## TASK DESCRIPTION
The line with "D&B (v3) Unisex" marks where to begin; print it and all lines after it in the material below exactly, skipping pictures.

## GIVEN MATERIAL
++++

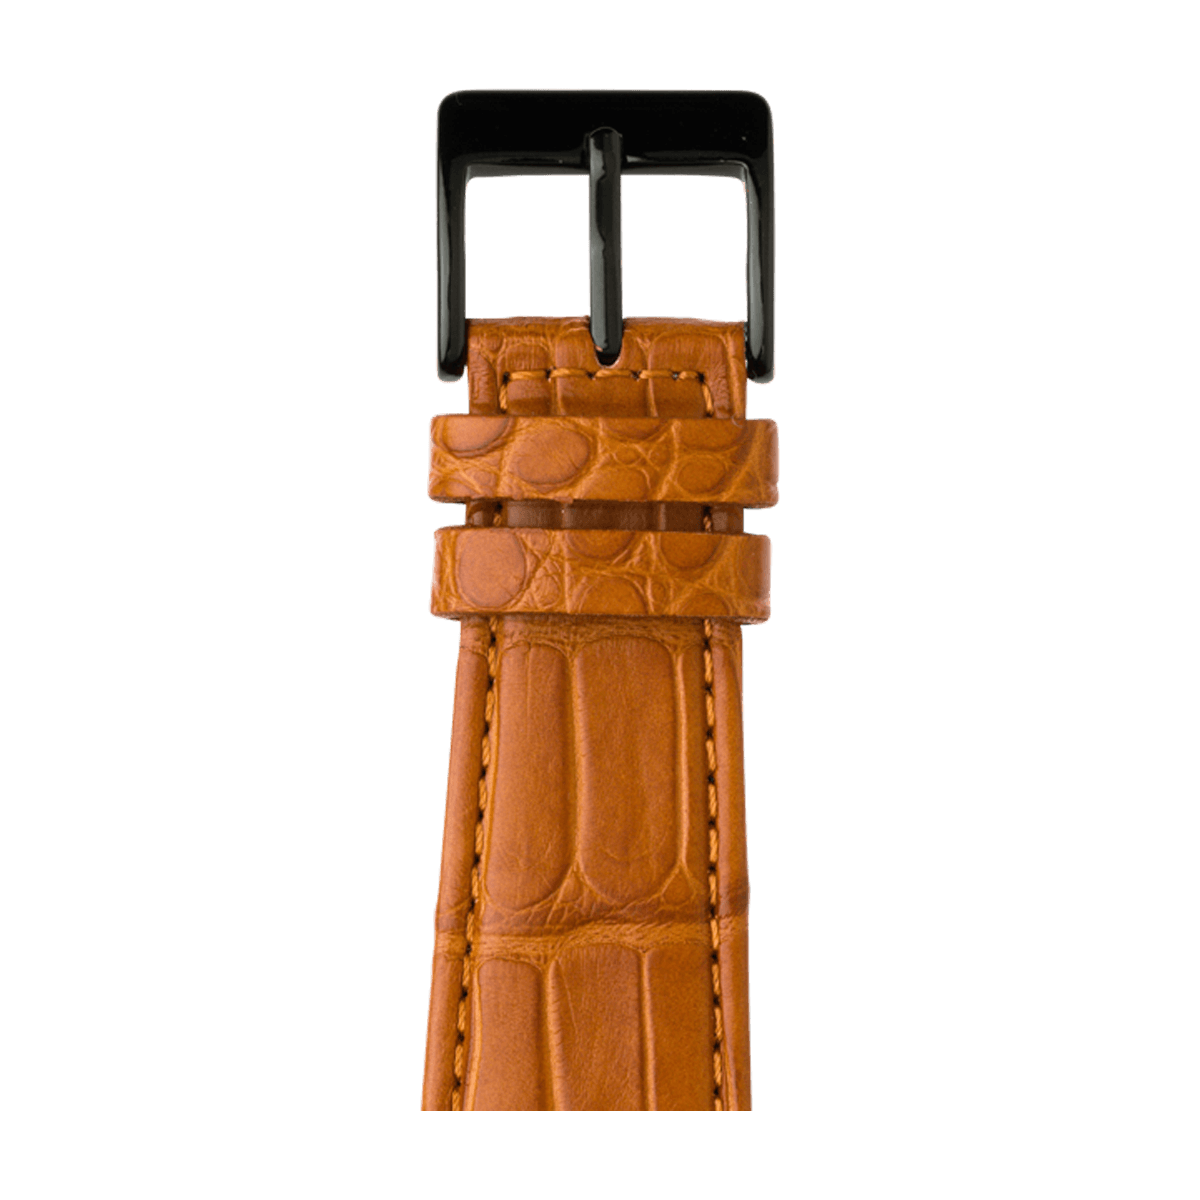 Alligator Leder Armband in Cognac - bracebuds
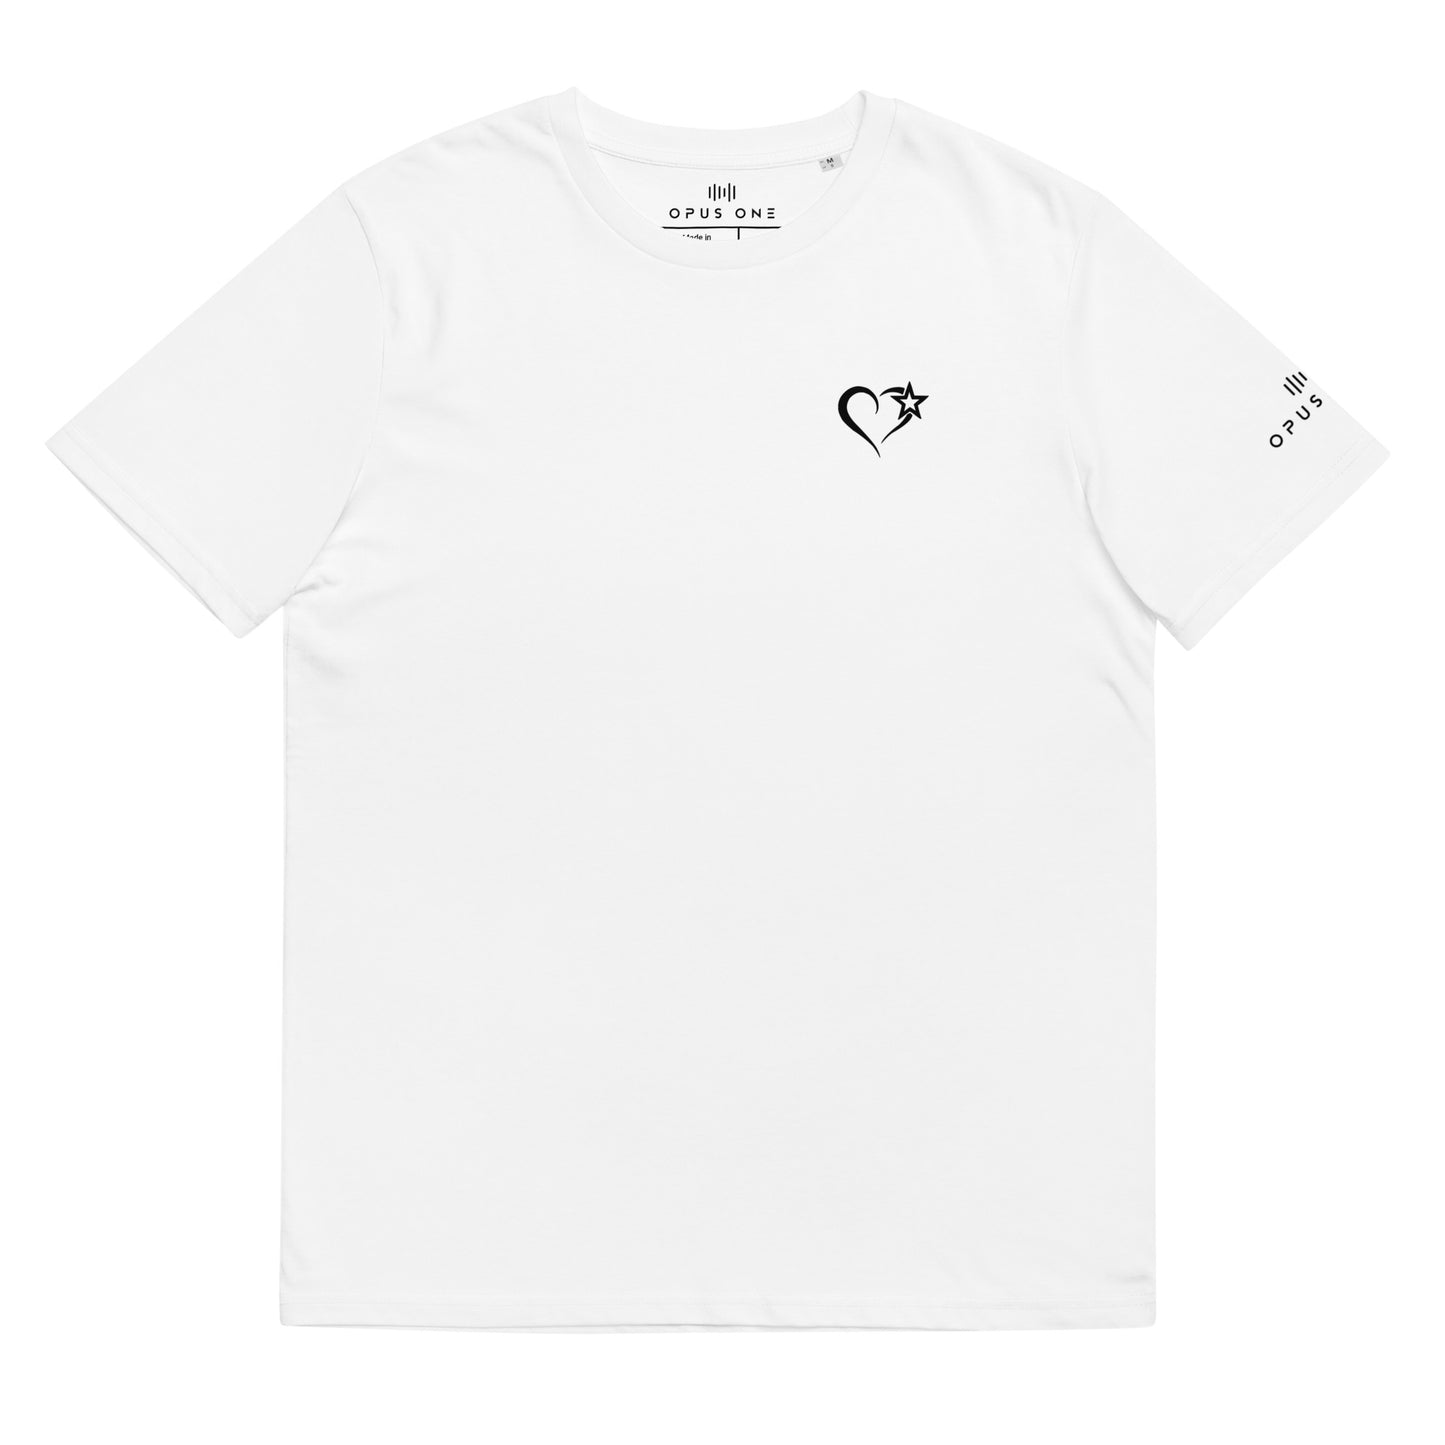 D&B (v3) Unisex organic cotton t-shirt (Black Text)
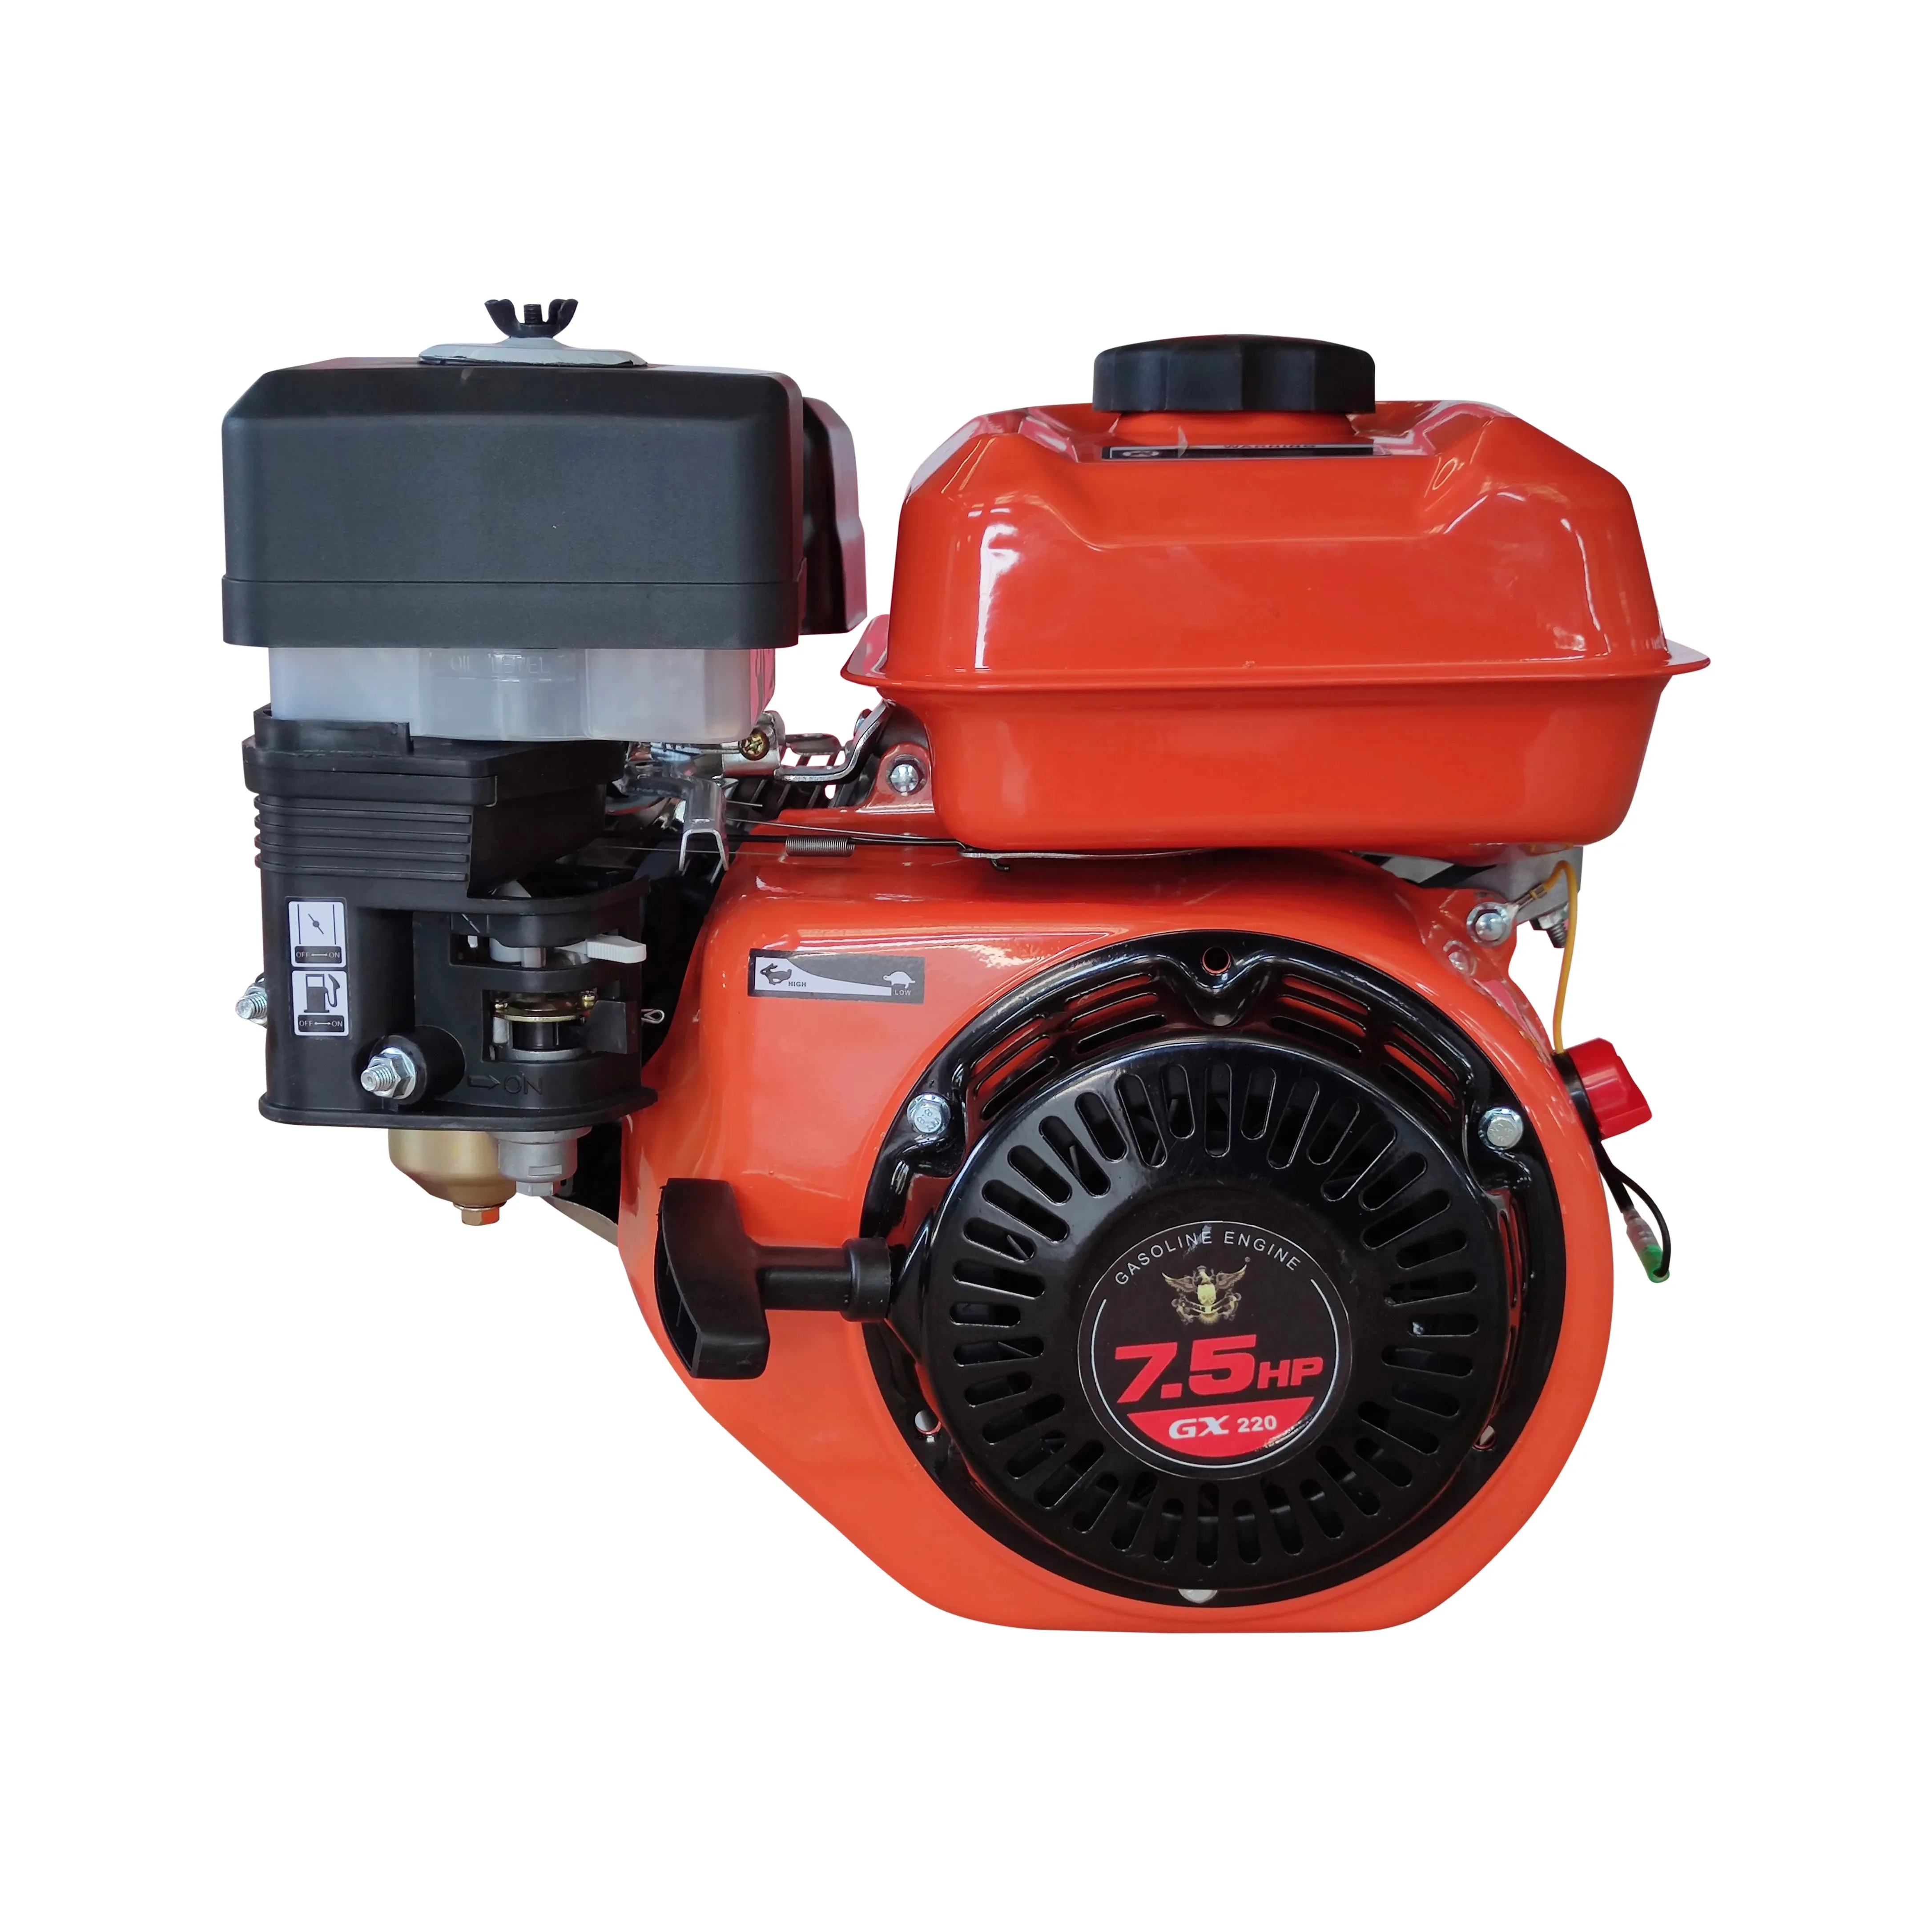 Ohv 7 Pk Benzinemotor 4-takt Eencilinder Gx220 Benzinemotor Voor Waterpompen Generatoren Landbouwsproeiers

++++

## RESULT
 D&B (v3) Unisex organic cotton t-shirt (Black Text)
 Ohv 7 Pk Benzinemotor 4-takt Eencilinder Gx220 Benzinemotor Voor Waterpompen Generatoren Landbouwsproeiers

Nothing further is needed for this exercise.